In 1915, Sargent Johnson moved to the San Francisco Bay area. The Panama-Pacific International Exposition, which had an influence on the California art movement, took place shortly after his move. The same year, Sargent Johnson married Pearl Lawson and began studying at the A. W. Best School of Art. He attended the California School of Fine Arts (now the San Francisco Art Institute) from 1919 to 1923, where his teachers included the sculptors Beniamino Bufano and Ralph Stackpole.

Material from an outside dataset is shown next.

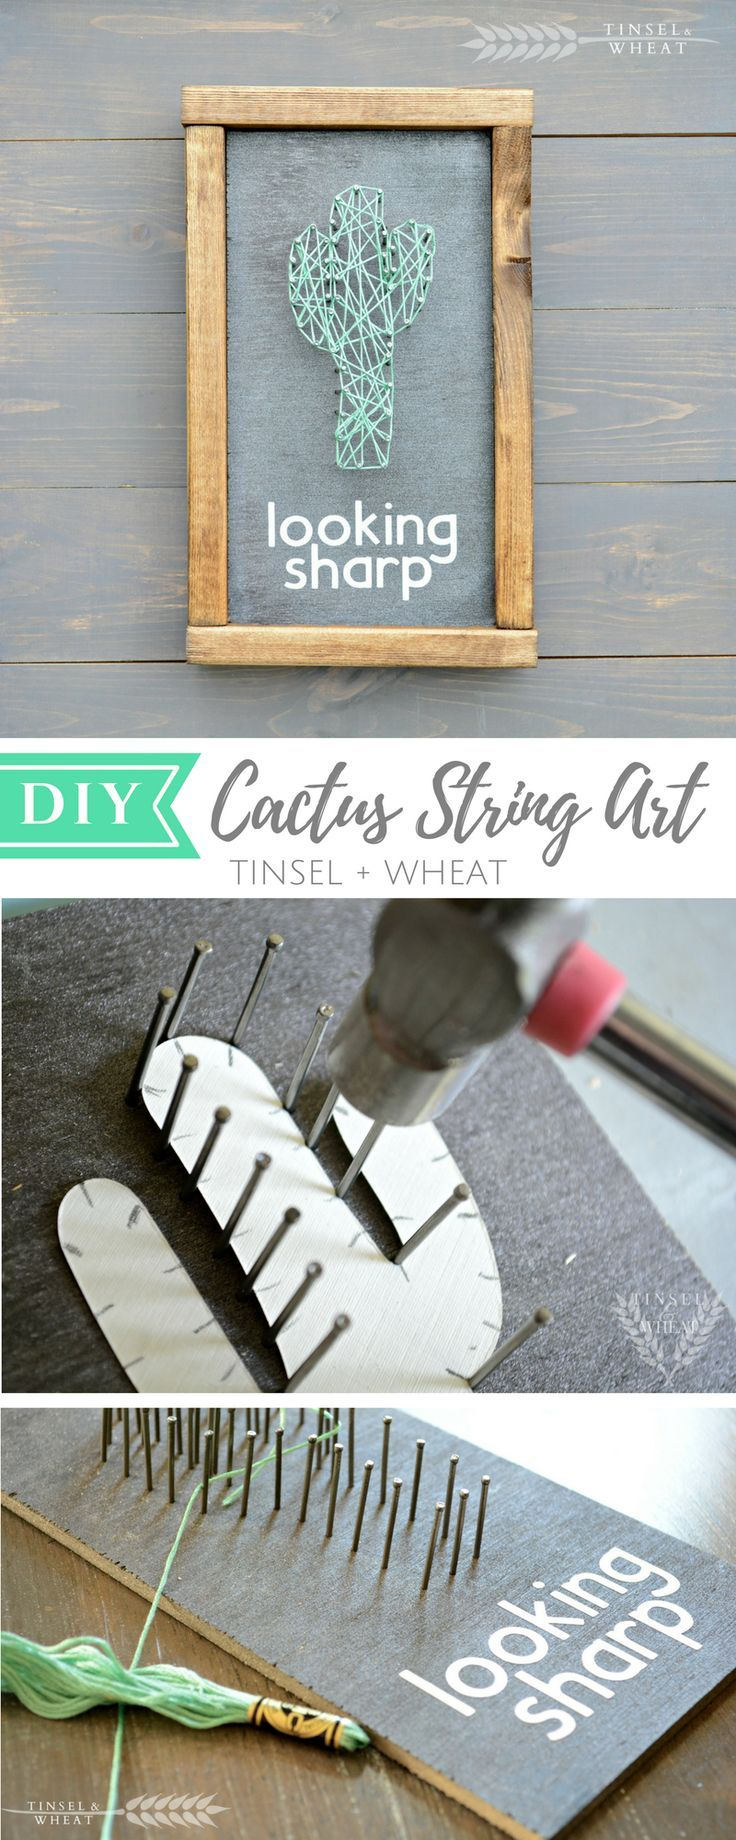 Diy cactus string art tutorial diy pinterest string art diy cactus string art tutorial baditri Image collections

Sargent Johnson began showing his work with the Harmon Foundation of New York in 1926. Through this distinguished foundation that supported African American art, he exhibited many of his pieces and became locally and then nationally known. He won numerous awards during his time with the Harmon Foundation. In the late 1930s, Sargent Johnson commissioned his work with the Federal Arts Project (FAP). [4]
As a member of the bohemian San Francisco Bay community and influenced by the New Negro Movement, Sargent Johnson's early work focused on racial identity. According to Johnson, "Negroes are a colorful race; they call for an art as colorful as they can be made." [5] Beginning in 1945, and continuing through 1965, Sargent Johnson made a number of trips to Oaxaca and Southern Mexico and started incorporating the people and culture, particularly archeology, into his work. Other subjects included African American figures, animals, and Native Americans.